図1】本明細書に記載の1つ以上の実施形態による3層の放射線遮蔽ガラス物品を概略的に示す図である。
図2】本明細書に記載の1つ以上の実施形態による5層の放射線遮蔽ガラス物品を概略的に示す図である。
図3】本明細書に記載の1つ以上の実施形態による均一な厚さを有するが非均一な面状接合領域を有する3層の放射線遮蔽ガラス物品を概略的に示す図である。
図4】本明細書に記載の1つ以上の実施形態によるさらなる3層の放射線遮蔽ガラス物品を概略的に示す図である。
図5】本明細書に記載の1つ以上の実施形態による様々な厚さの放射線遮蔽ガラス物品の透過率測定値をグラフにより示す図である。
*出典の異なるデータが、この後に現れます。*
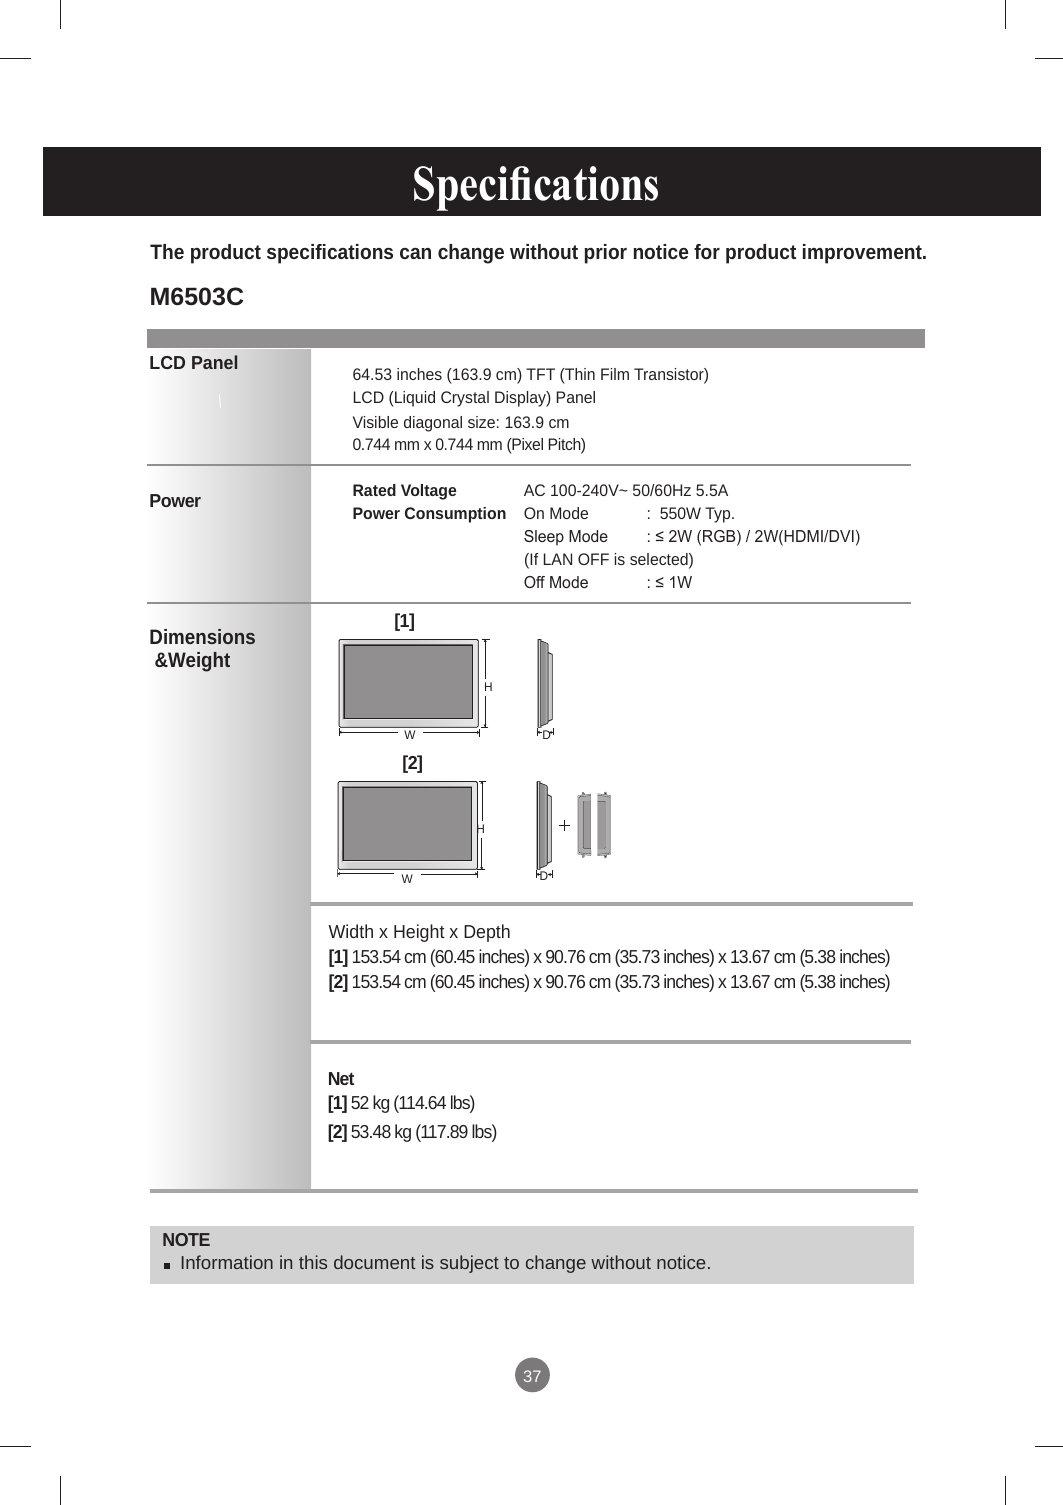 37LCD PanelPower Dimensions &amp;WeightNOTE Information in this document is subject to change without notice.64.53 inches (163.9 cm) TFT (Thin Film Transistor) LCD (Liquid Crystal Display) PanelVisible diagonal size: 163.9 cm0.744 mm x 0.744 mm (Pixel Pitch)Rated Voltage   AC 100-240V~ 50/60Hz 5.5APower Consumption  On Mode  :  550W Typ.   Sleep Mode  : ≤ 2W (RGB) / 2W(HDMI/DVI)                                       (If LAN OFF is selected)   Off Mode  : ≤ 1W The product specifications can change without prior notice for product improvement.Width x Height x Depth  [1] 153.54 cm (60.45 inches) x 90.76 cm (35.73 inches) x 13.67 cm (5.38 inches)[2] 153.54 cm (60.45 inches) x 90.76 cm (35.73 inches) x 13.67 cm (5.38 inches)Net   [1] 52 kg (114.64 lbs) [2] 53.48 kg (117.89 lbs)[1] [2] WHDDWH Specications  M6503C

図6】本明細書に記載の1つ以上の実施形態による様々な厚さの放射線遮蔽ガラス物品の透過率測定値を、同様の厚さの市販の放射線遮蔽ガラスであるCorning(登録商標)Med-X(登録商標)GlassおよびCorning(登録商標)Med-Gamma(登録商標)Glassと比較してグラフにより示す図である。
図7】本明細書に記載の1つ以上の実施形態による放射線遮蔽ガラス物品の透過率測定値を、同様の厚さの市販の比較例1およびコーニング社の比較例2と比較してグラフにより示す図である。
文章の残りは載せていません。